++++ SOURCE MATERIAL ++++
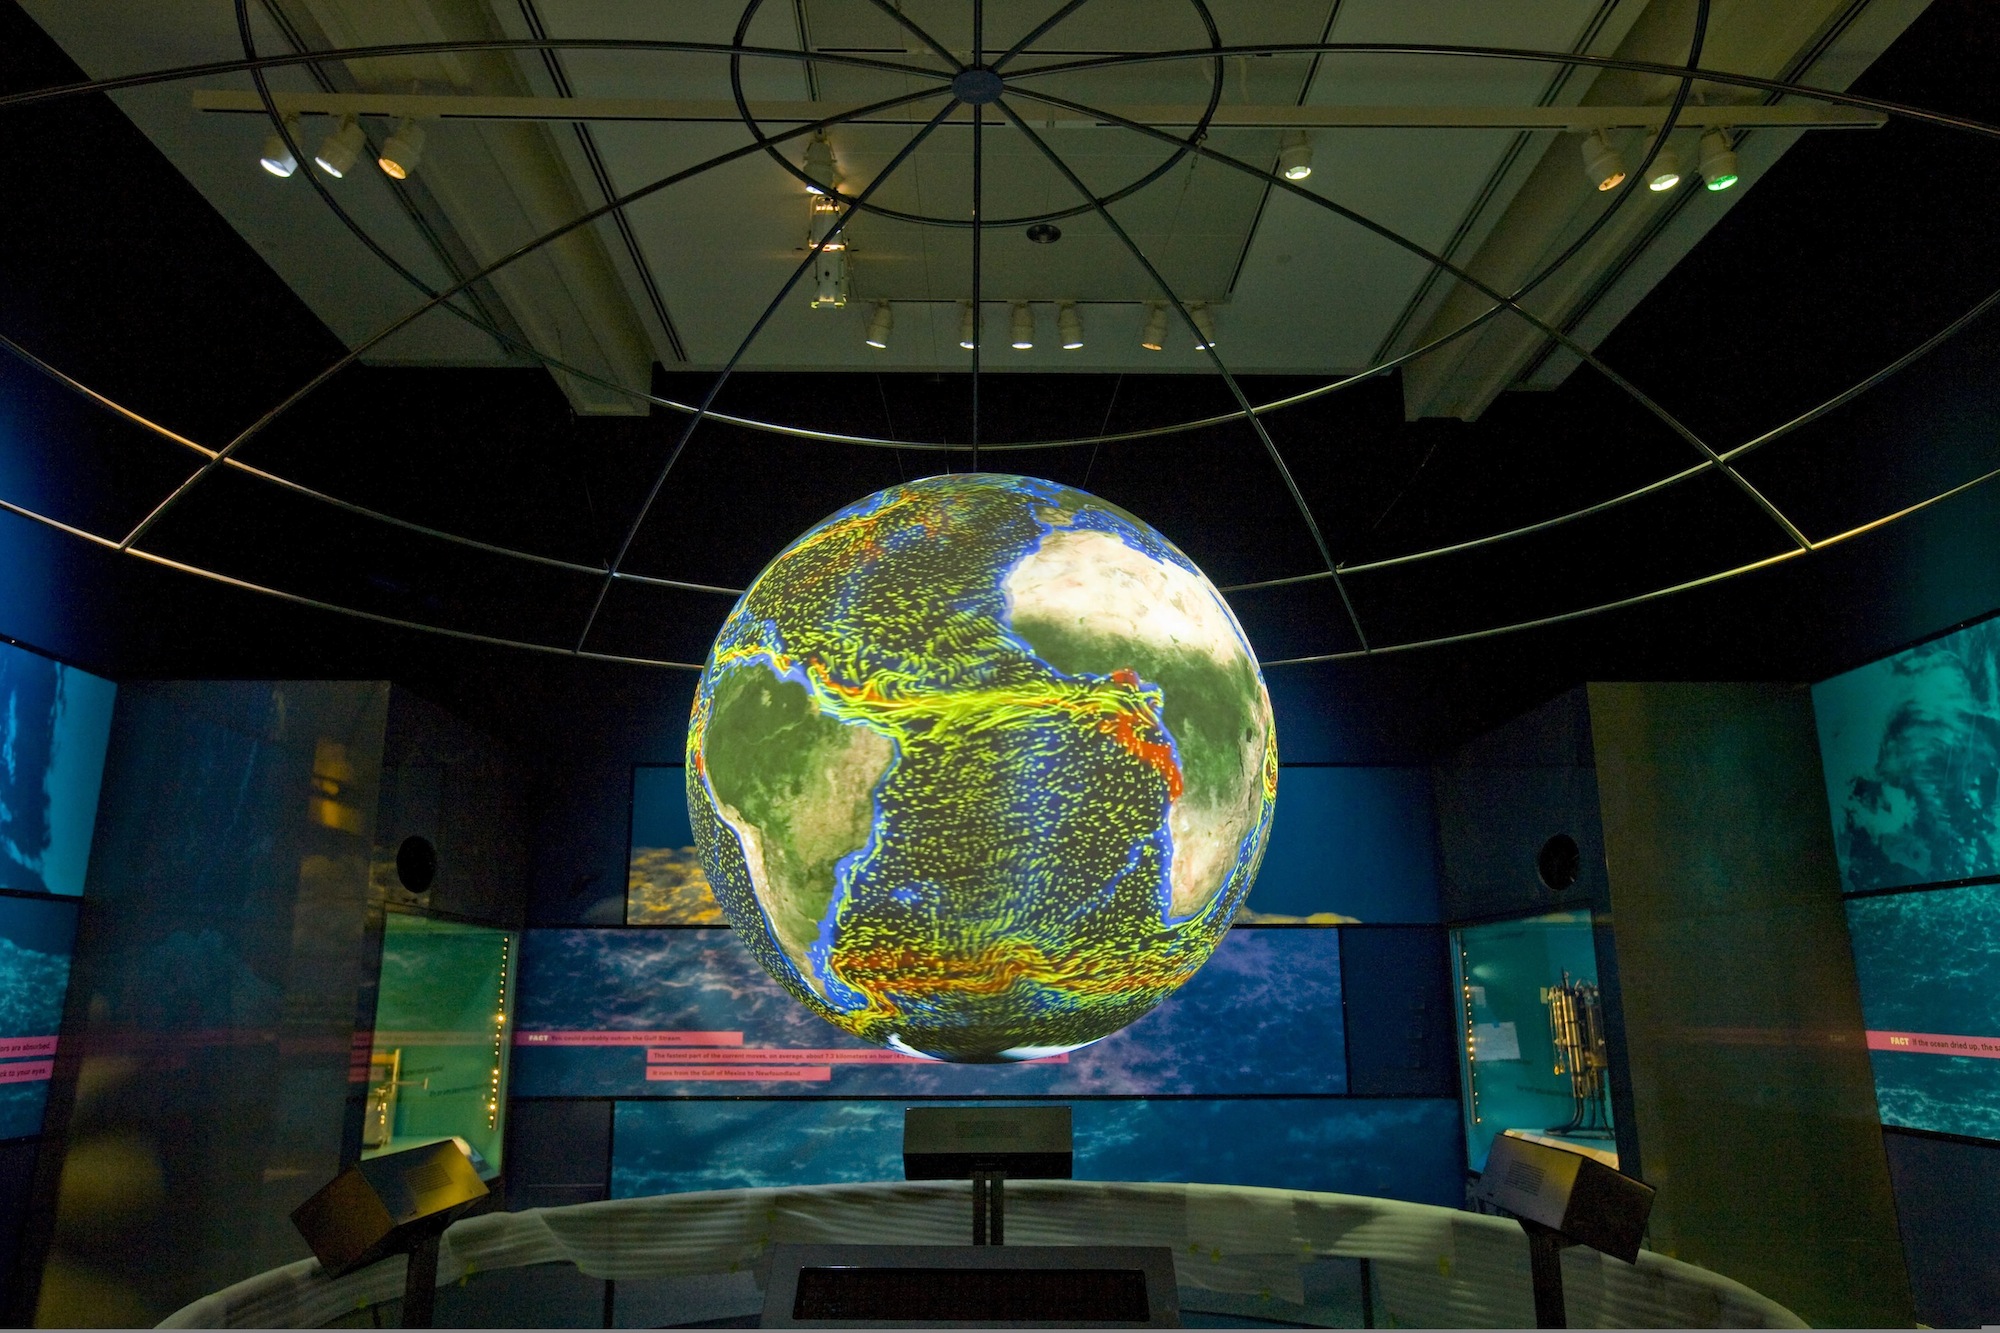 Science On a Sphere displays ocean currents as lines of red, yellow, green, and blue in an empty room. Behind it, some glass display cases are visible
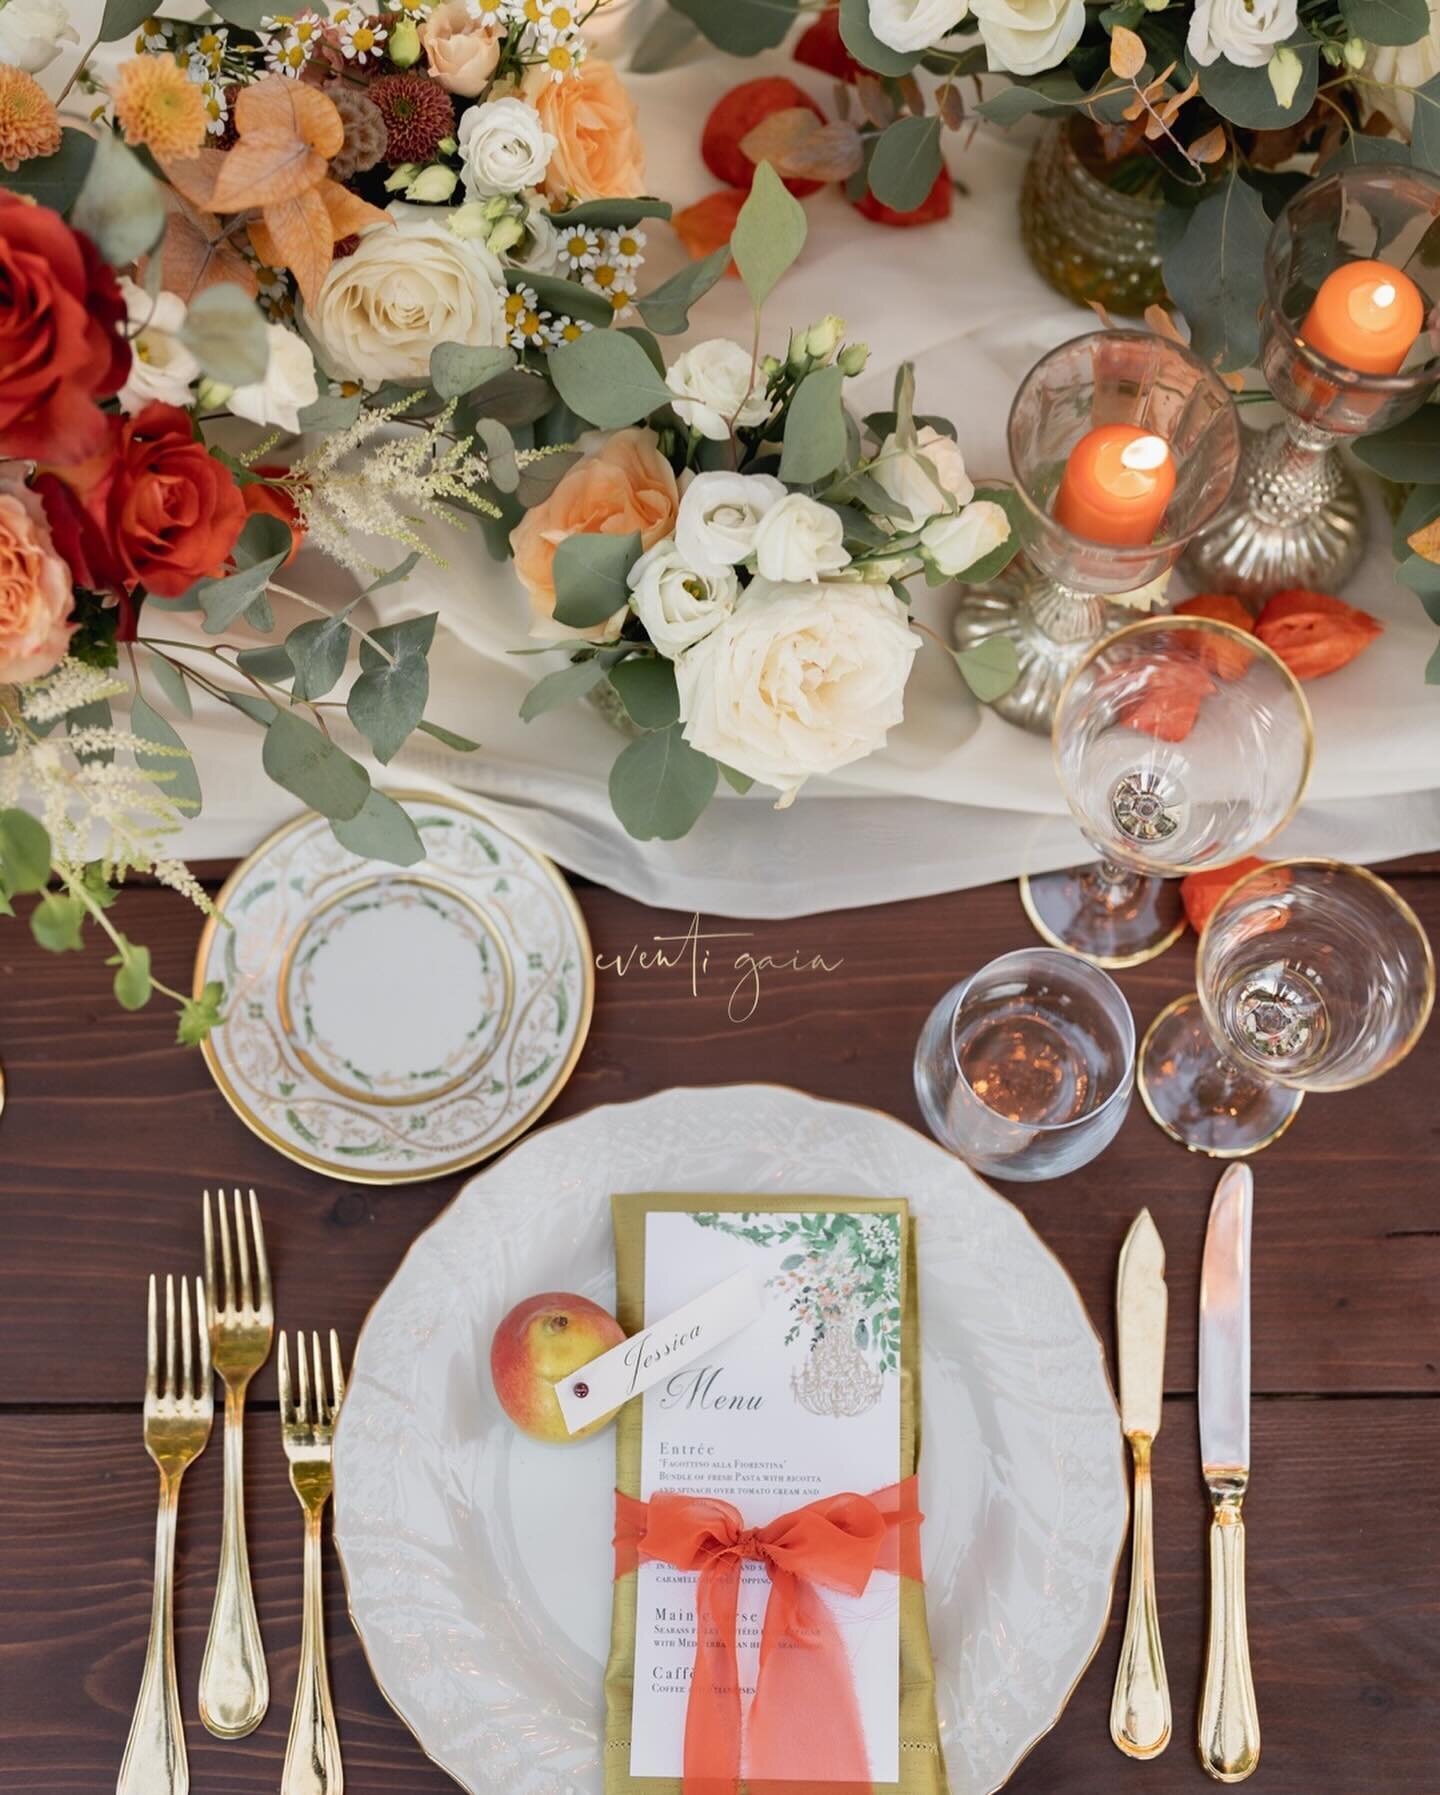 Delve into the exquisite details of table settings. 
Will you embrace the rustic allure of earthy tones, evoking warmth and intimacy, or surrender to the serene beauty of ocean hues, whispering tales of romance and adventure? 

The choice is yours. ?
++++
REQUIREMENT —
Write out only the lines from the line containing "Delve into the" through the end of the material above, both end lines included. Pictures are not written out.

SOLUTION TO THIS EXERCISE —
 Delve into the exquisite details of table settings. 
Will you embrace the rustic allure of earthy tones, evoking warmth and intimacy, or surrender to the serene beauty of ocean hues, whispering tales of romance and adventure? 

The choice is yours. ?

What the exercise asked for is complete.